Les nouveaux solistes / Serres d'Auteuil, Paris
- 7 septembre 2003
Bertrand Bolognesi photographie le pianiste Cédric Tiberghien
© bertrand bolognesi

Il semble que le public se soit donné le mot...
Victime de son succès, le festival Les nouveaux solistes doit refuser l’accès au Pavillon des Azalées à un monde toujours croissant, les murs ne se pouvant déplacer. Parce qu’il serait trop triste d’en rester là, l’on fait ouvrir les fenêtres de la grande serre, invitant le surnombre à goûter, depuis le jardin et ses impressionnantes cucurbitacées géantes, un copieux moment de musique. L’ambiance s’en trouve différente de celle d’une fin d’après-midi pianistique en petit comité, forcément. Vitres ouvertes sur jardin bondé, salle comble où les chanceux de l’avant-dernière heure s’assoient à même le sol : de quoi dynamiser on ne peut plus, si besoin en est, un pianiste par lui-même énergique et enthousiaste, Cédric Tiberghien.

Souvenez-vous, vendredi soir, le Trio volontaire, comme notre titre l’a désigné [lire notre chronique], proposait un préambule à l’exécution d’une pièce de Wolfgang Rihm, donnant quelques clés pour orienter une appréhension active. Aujourd’hui, en quelques phrases efficaces Cédric Tiberghien présente chaque œuvre de son programme. Excellente idée, car si l’on a coutume d’apporter régulièrement quelques éléments d’analyse avant l’écoute d’une partition récente, il n’est rien de pédant à éclairer une musique plus ancienne qui n’en est pas moins complexe. Bien qu’il la considère « joueuse et pleine d’humour », la Sonate Opus 10 n°2 de Beethoven est donnée dans une tension parfois un peu raide, pour le premier mouvement. L’Allegretto est à peine distancé, dans une sonorité judicieusement claire et une lente articulation pouvant annoncer Schubert. Et si l’humour se nichait précisément dans les faux-airs de sérieux de ce passage ? La presque épilepsie du Finale nerveux et précis emporte les suffrages.

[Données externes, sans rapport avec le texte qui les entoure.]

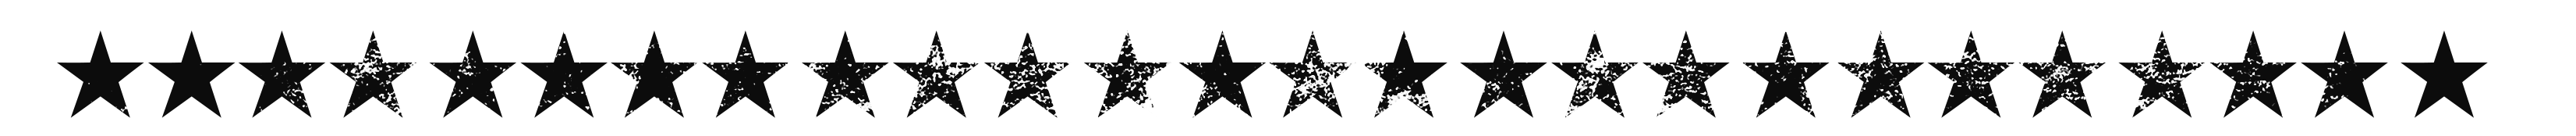 stars-row

D’après des vieux cahiers... autrement dit la Sonate Op.28 n°3 de Prokofiev, est ensuite jouée de façon plutôt sèche, nerveuse. La dynamique générale risque parfois de se perdre dans la précision, fort appréciable cela dit, de détails qui finissent par se faire envahissants. Pour tout dire, il manque un peu d’espace, quelque chose de plus souple, de non exclusivement percussif ou rythmique. La fin gagne en ce sens, après des moments de tension extrême dont la radicalité fait mouche.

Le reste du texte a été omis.